| Task objective |
Among the lines below, the one containing "Set of eight" opens the range and the one containing "Dimensions: 11 inches. diameter." closes it. Print that range exactly, without the pictures.

| Material provided |
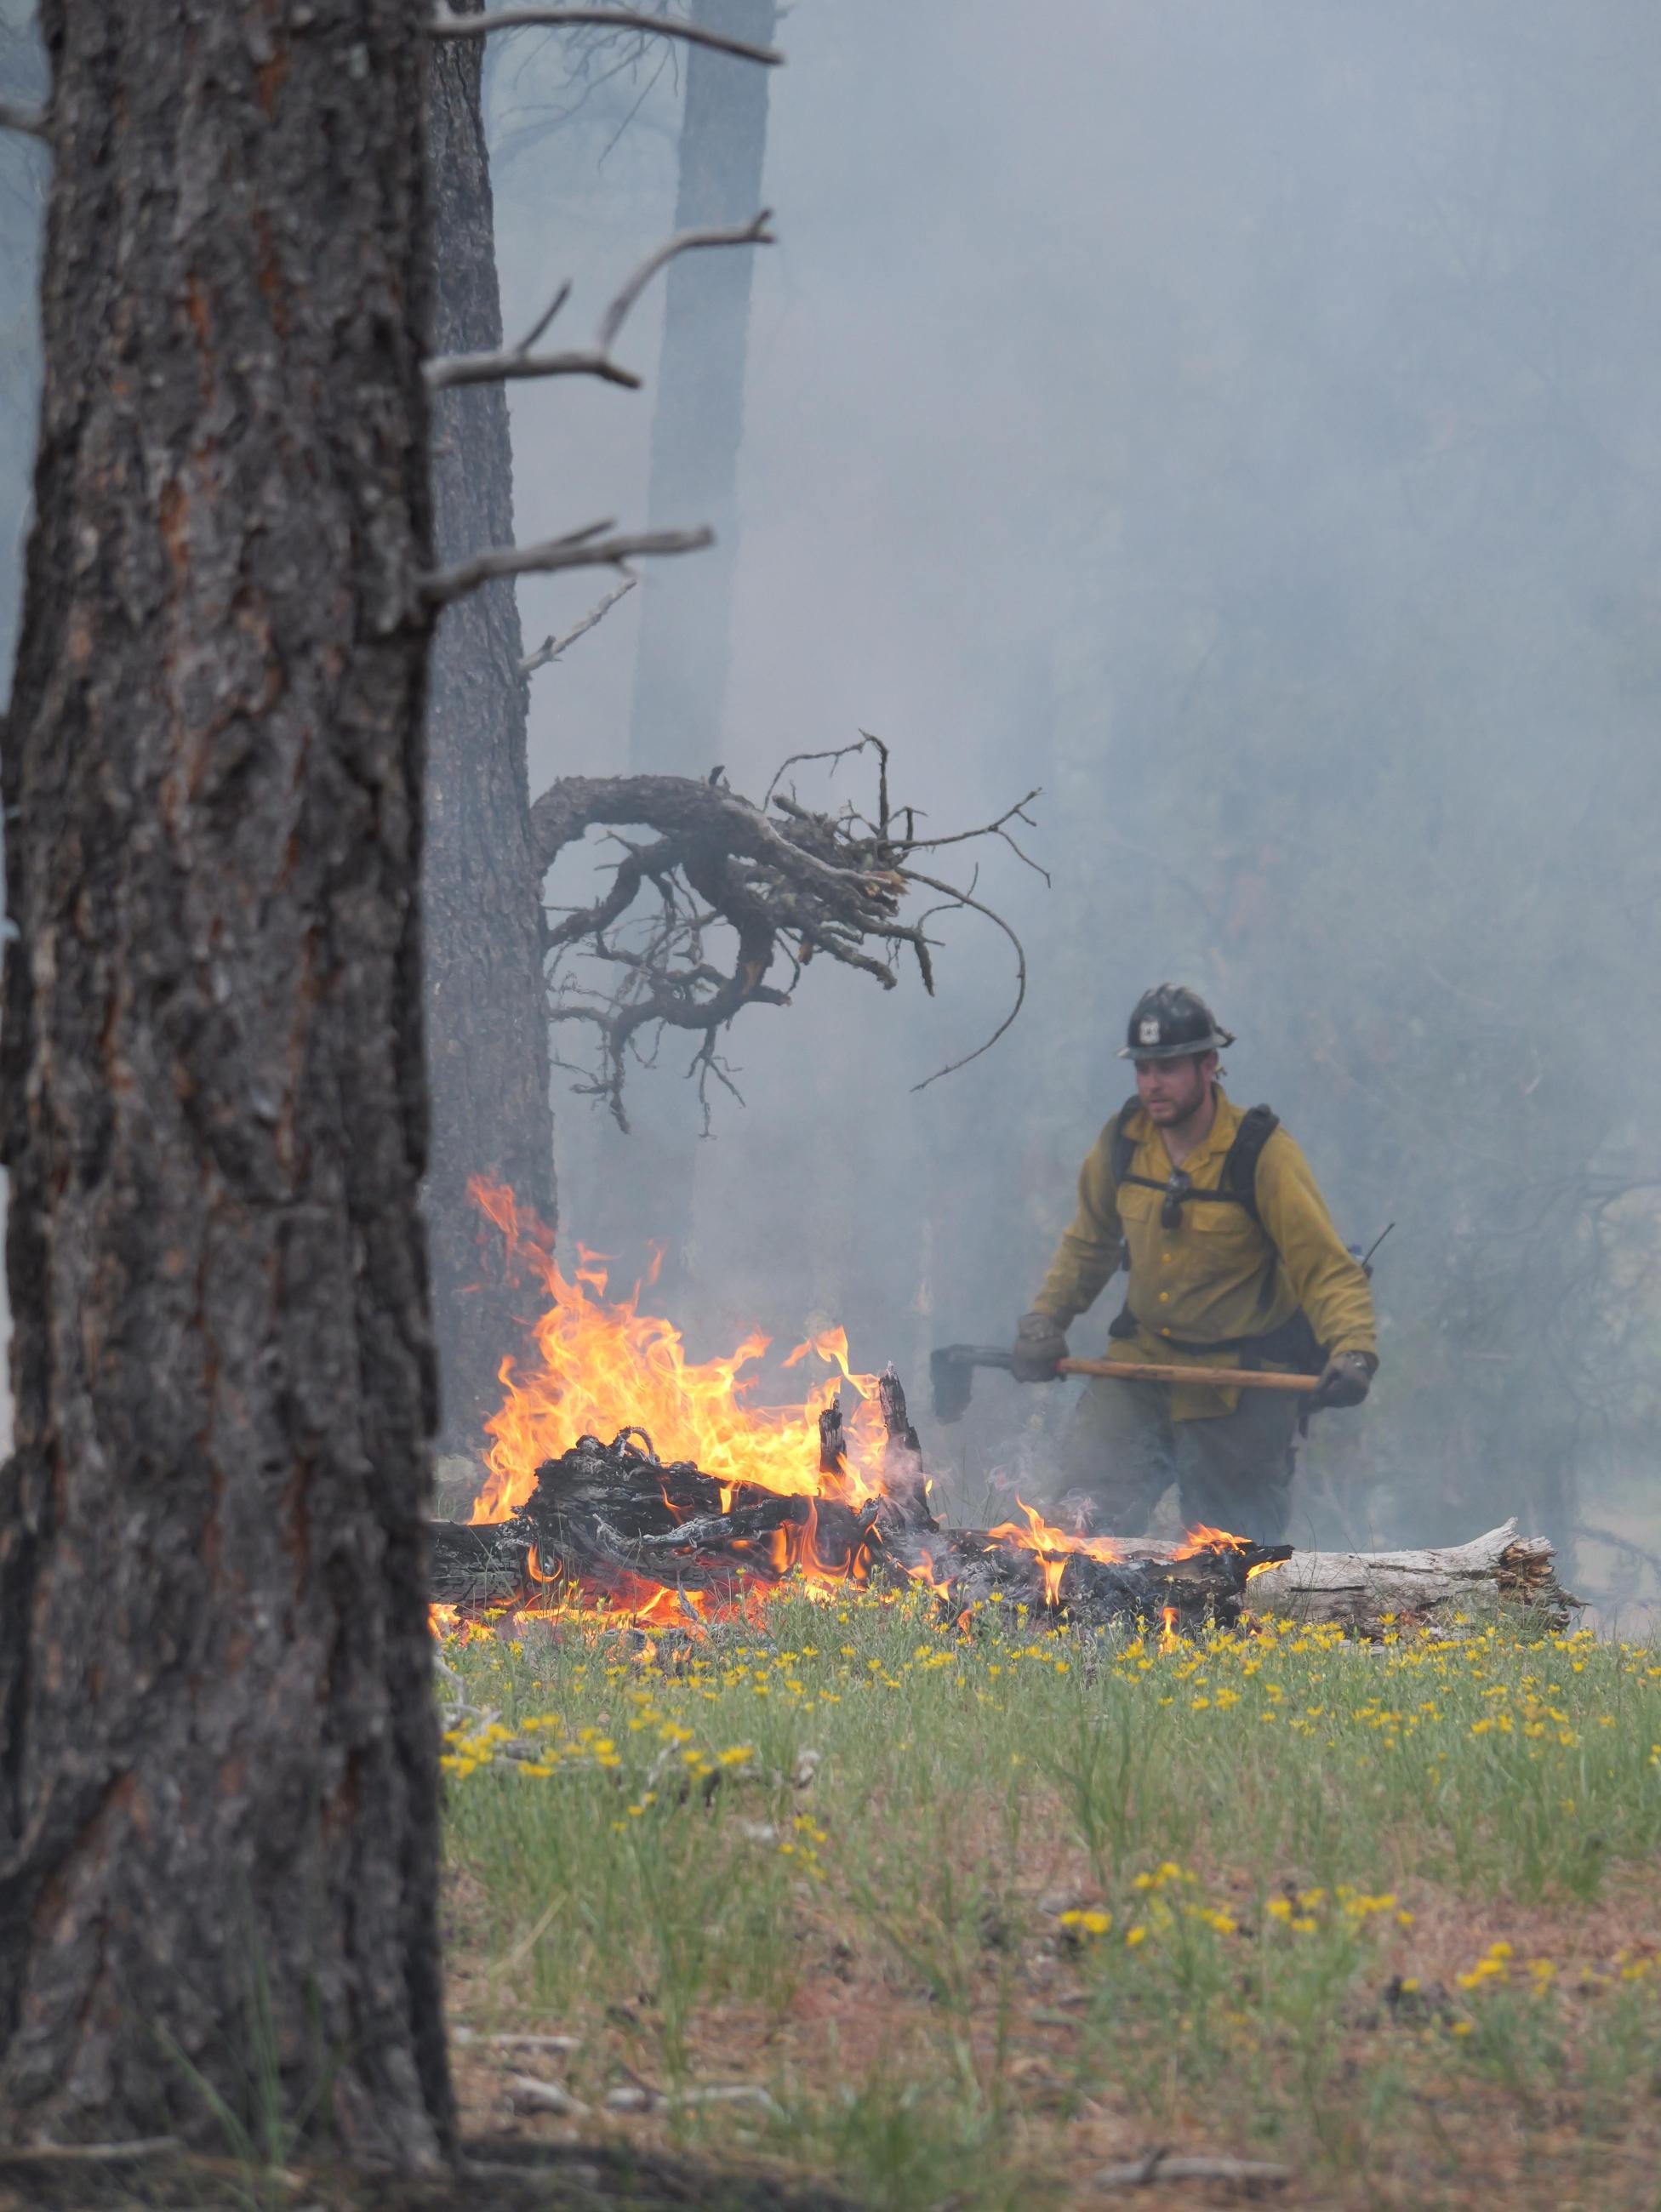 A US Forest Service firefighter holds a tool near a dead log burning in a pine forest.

...

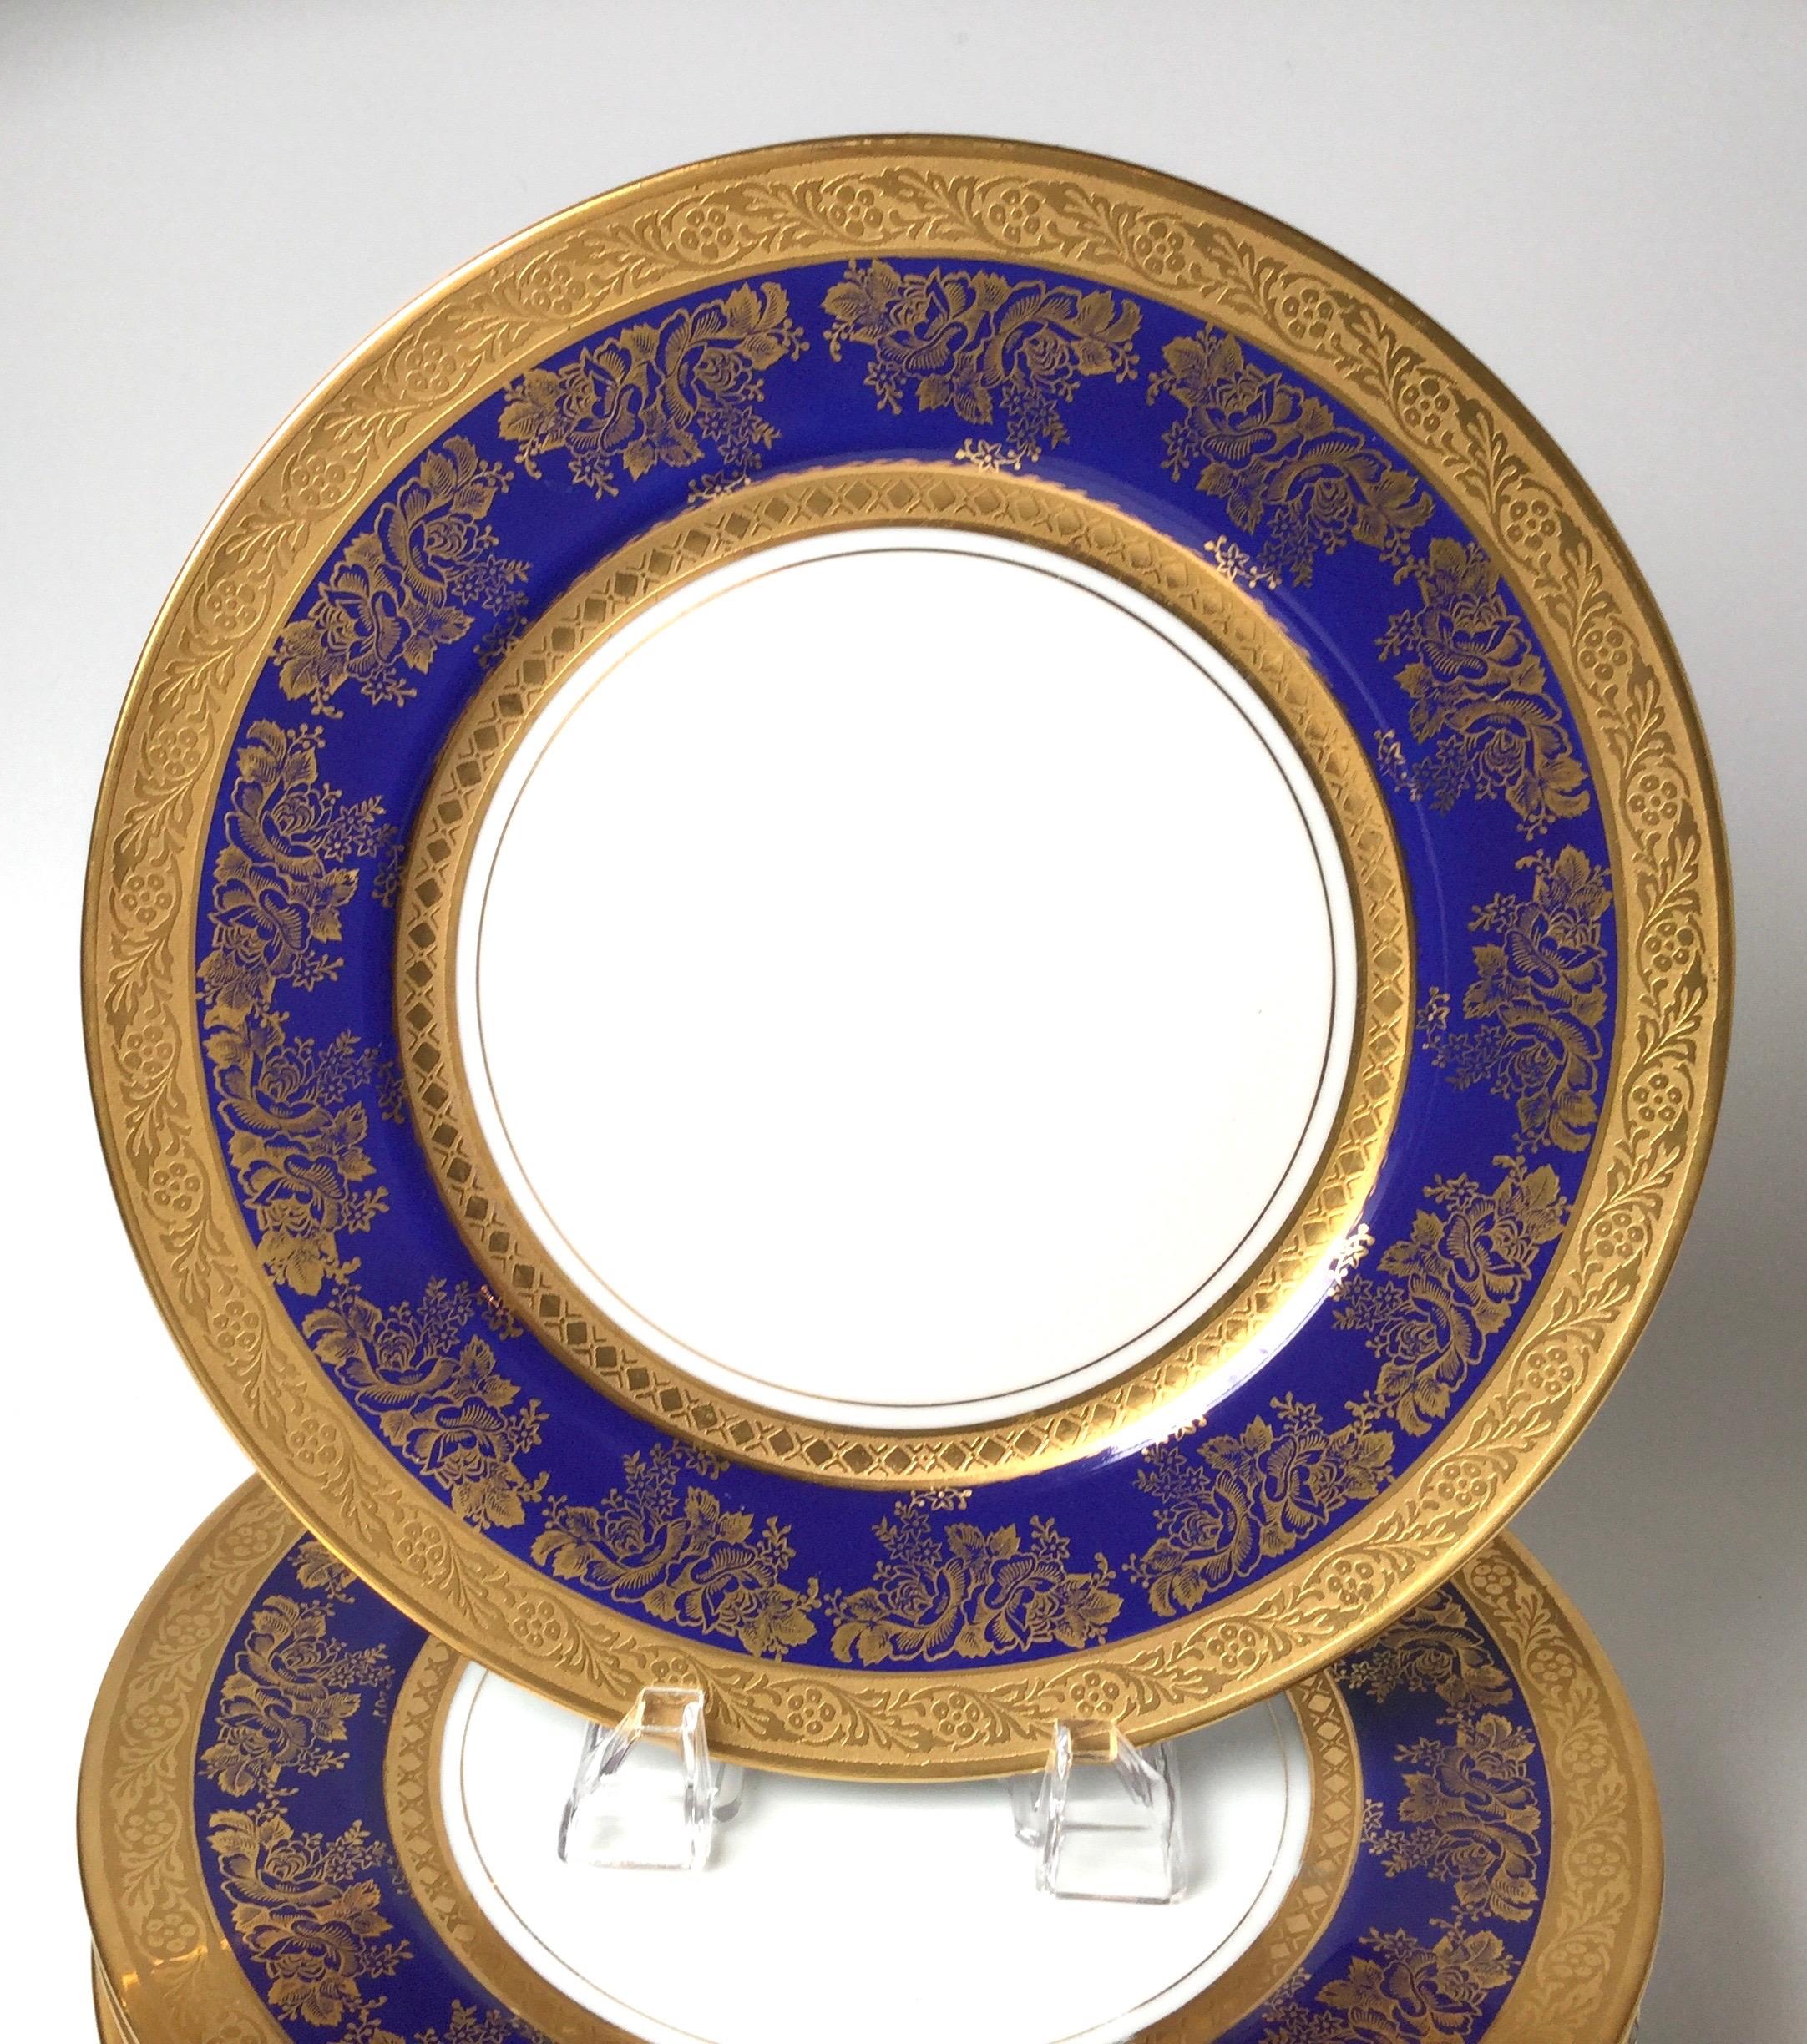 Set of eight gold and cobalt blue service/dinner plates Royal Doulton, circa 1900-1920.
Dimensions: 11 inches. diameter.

| Written answer |
 Set of eight gold and cobalt blue service/dinner plates Royal Doulton, circa 1900-1920.
Dimensions: 11 inches. diameter.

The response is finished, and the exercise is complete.